Transcribe the data exactly. Pictures stay out.

** AVAILABLE DATA follows **

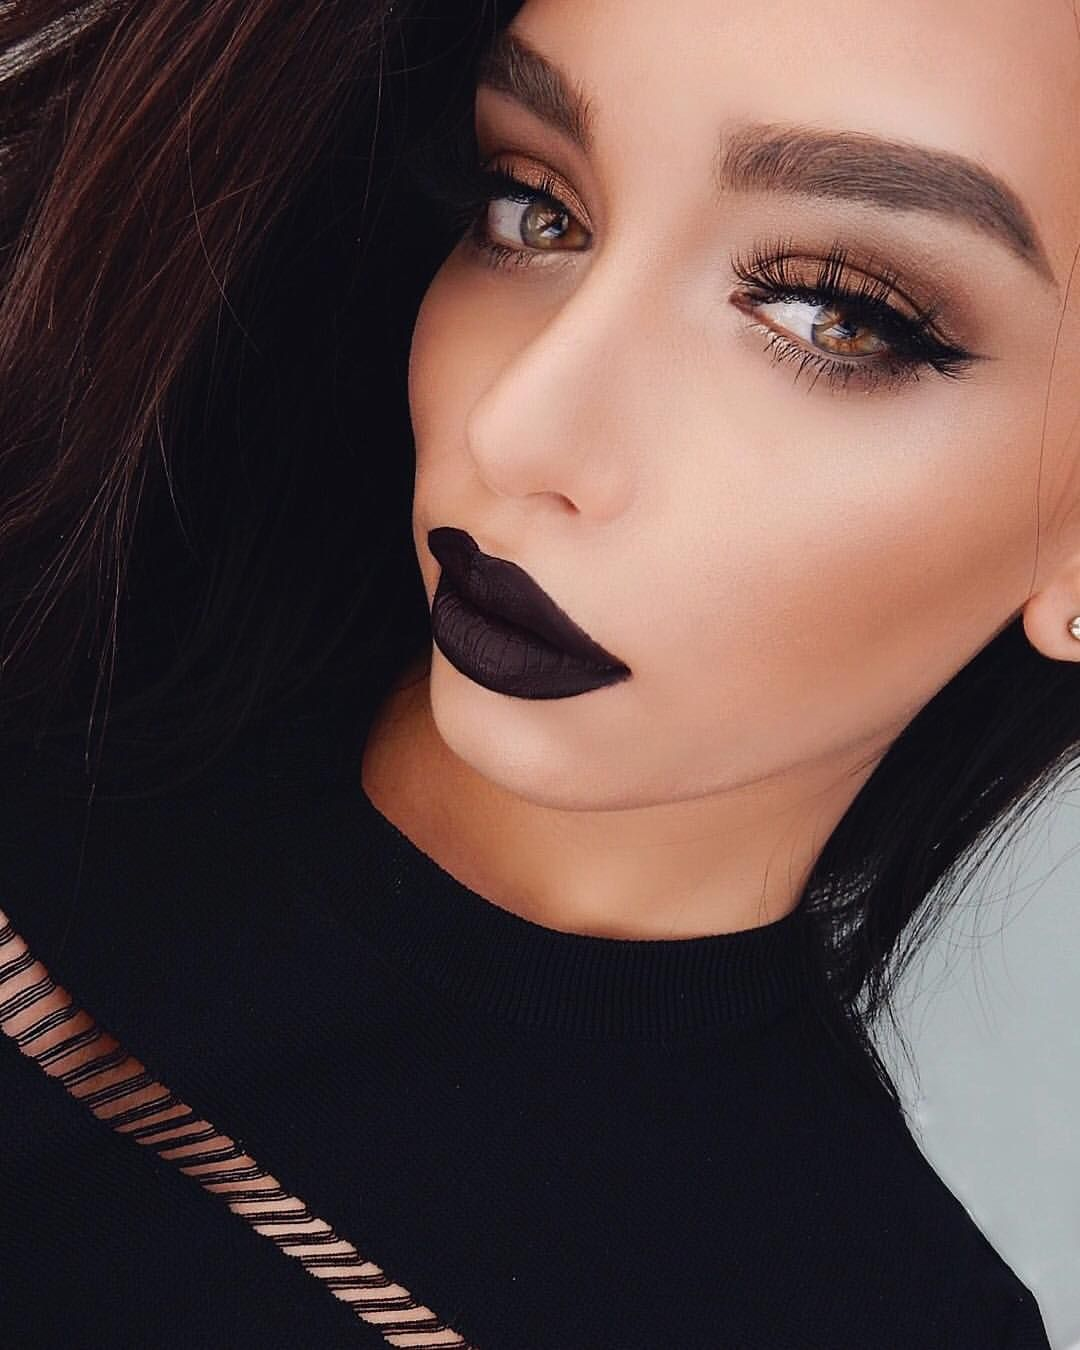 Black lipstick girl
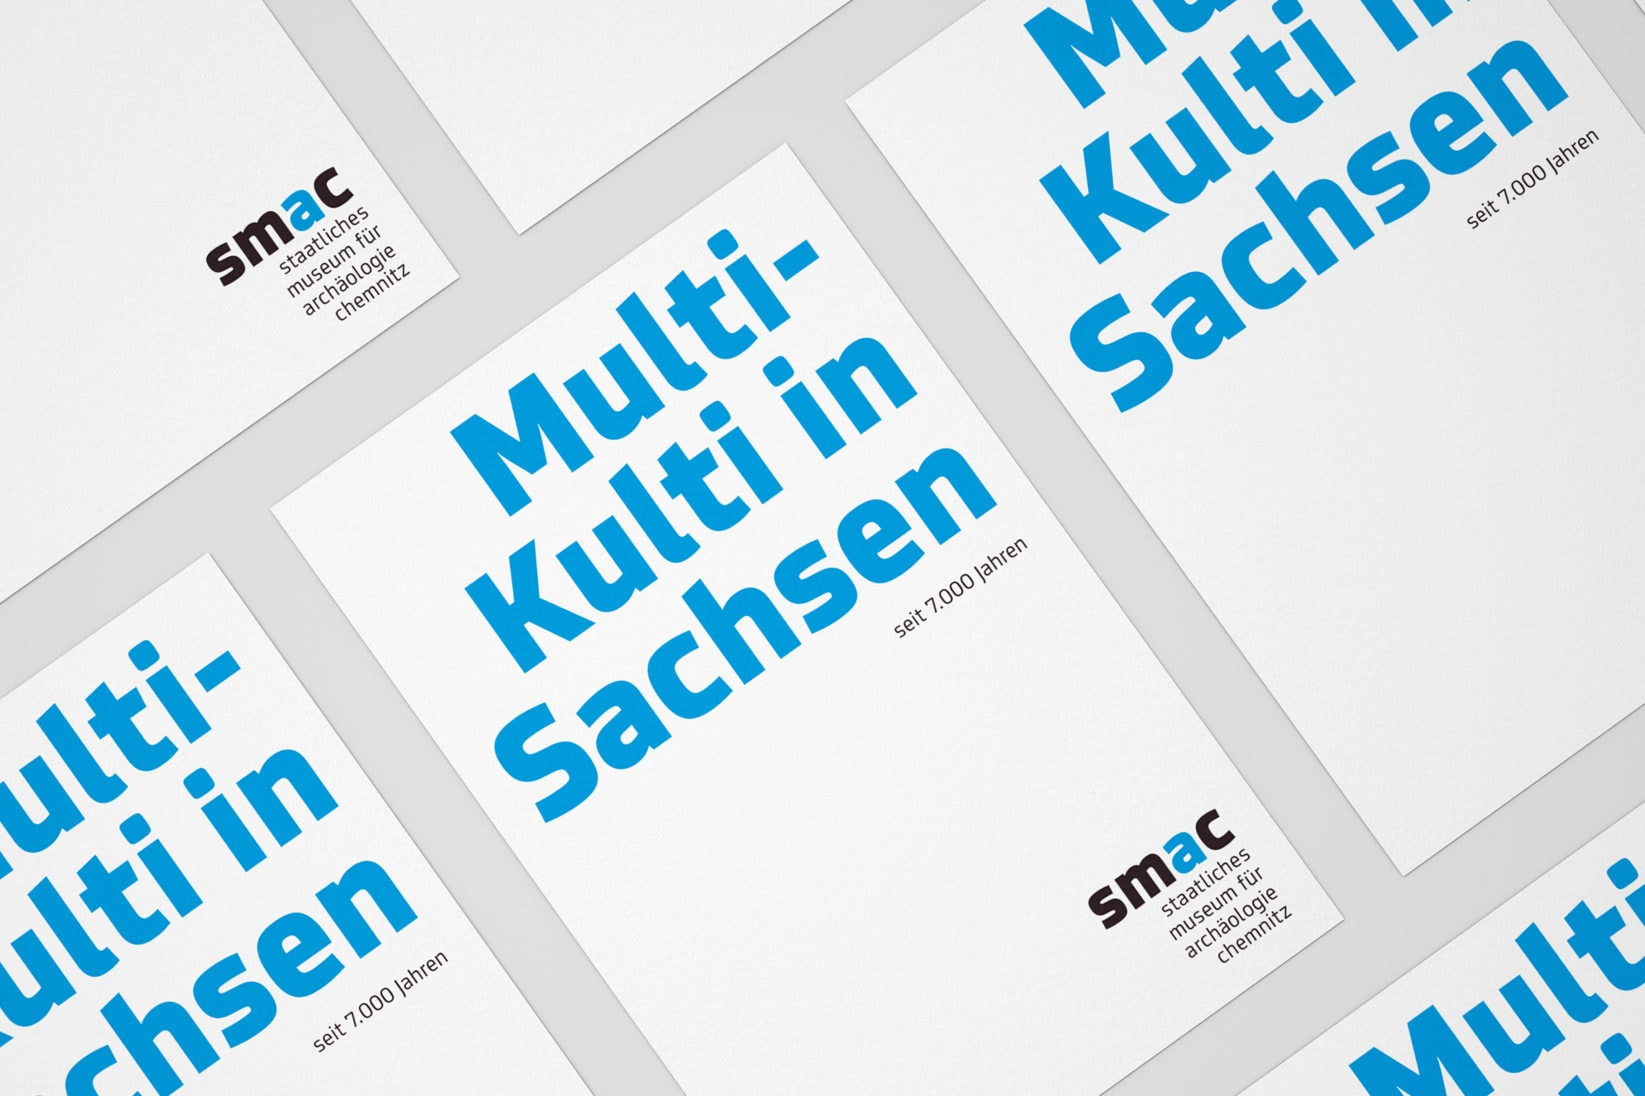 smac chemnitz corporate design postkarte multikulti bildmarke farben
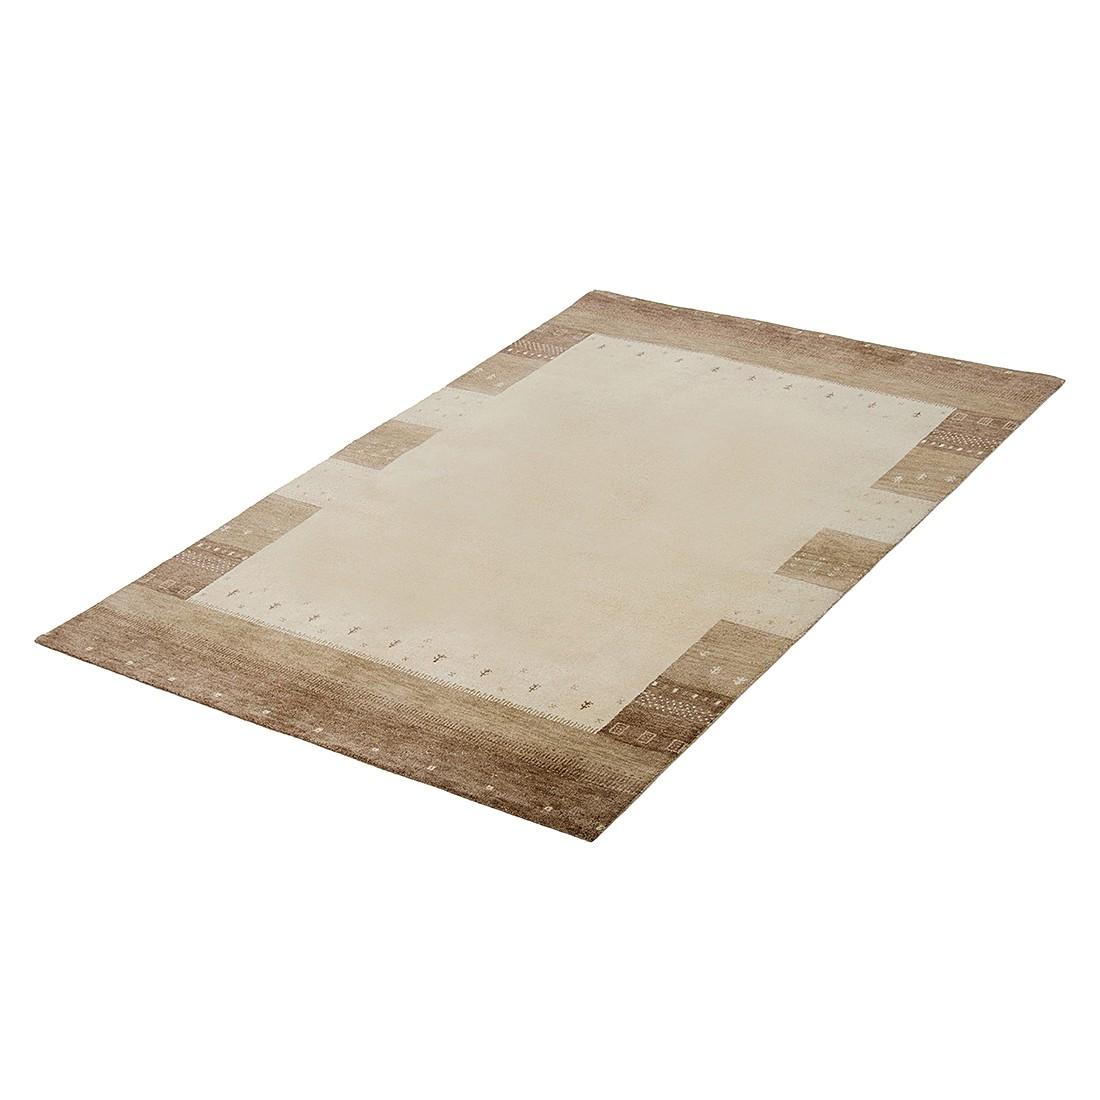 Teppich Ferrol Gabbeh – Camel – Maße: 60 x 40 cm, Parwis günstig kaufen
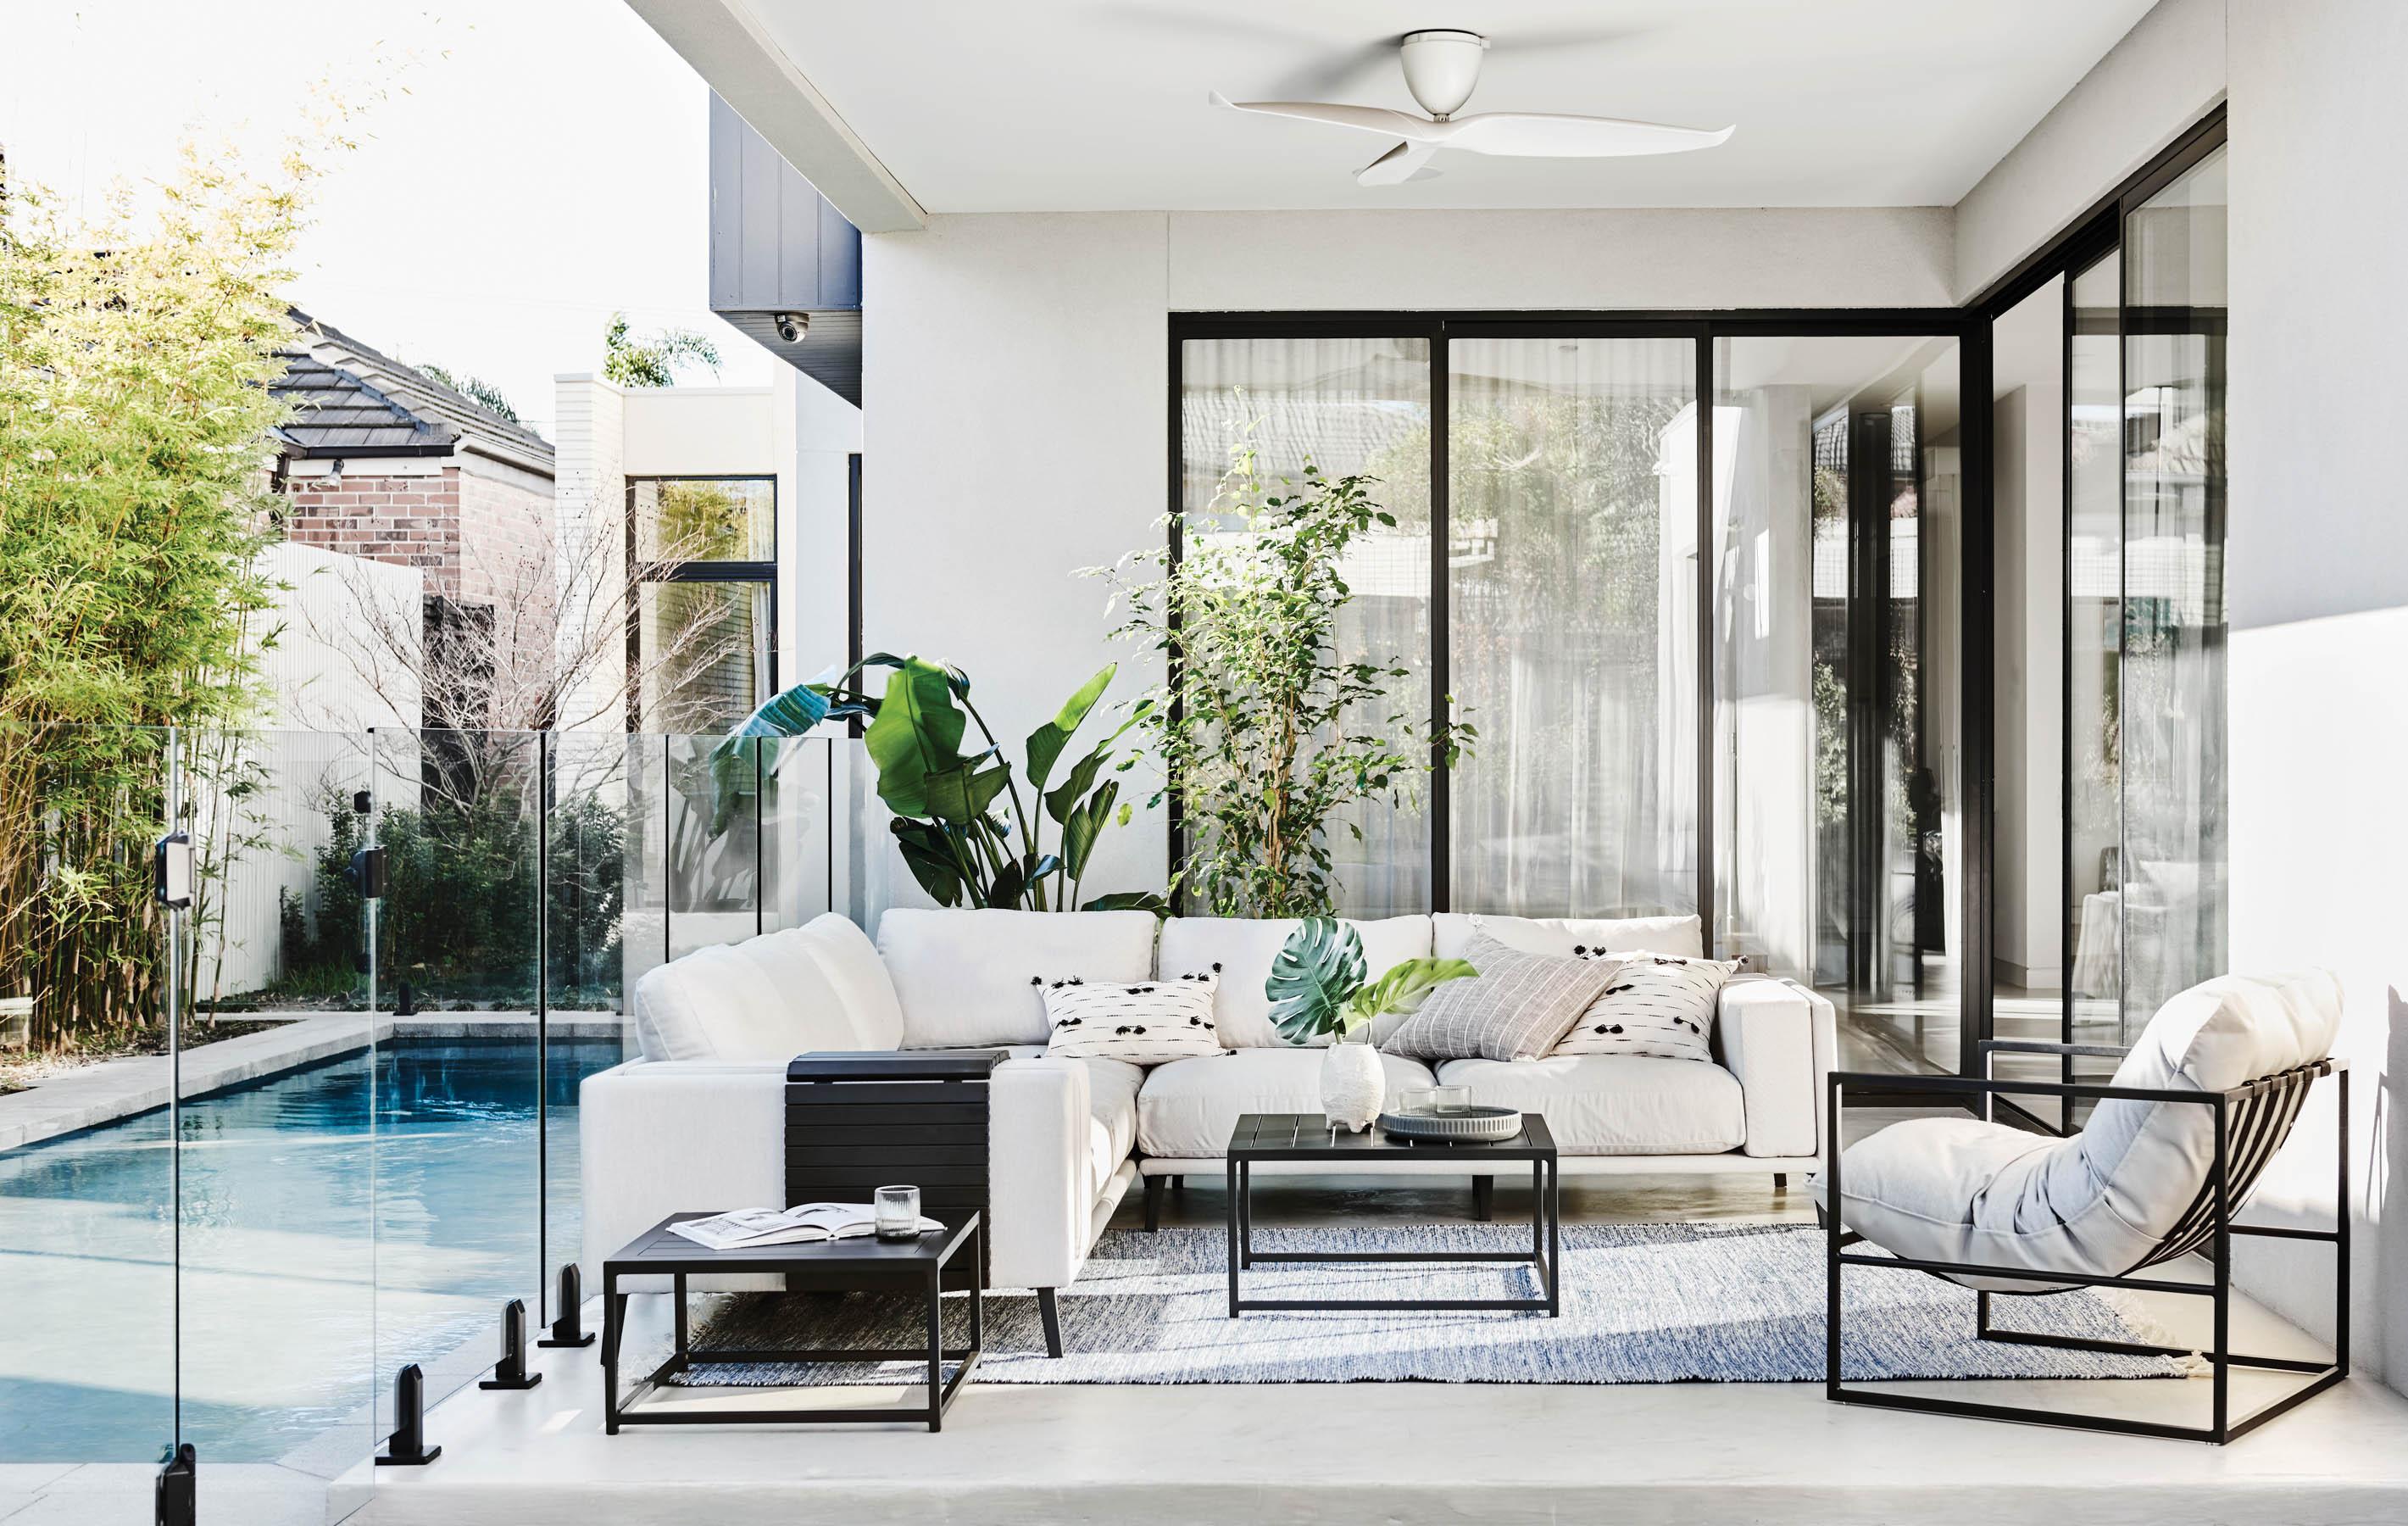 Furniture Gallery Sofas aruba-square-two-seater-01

** End of AVAILABLE DATA **

### EXERCISE RESPONSE
 Black lipstick girl
 smac chemnitz corporate design postkarte multikulti bildmarke farben
 Teppich Ferrol Gabbeh – Camel – Maße: 60 x 40 cm, Parwis günstig kaufen
 Furniture Gallery Sofas aruba-square-two-seater-01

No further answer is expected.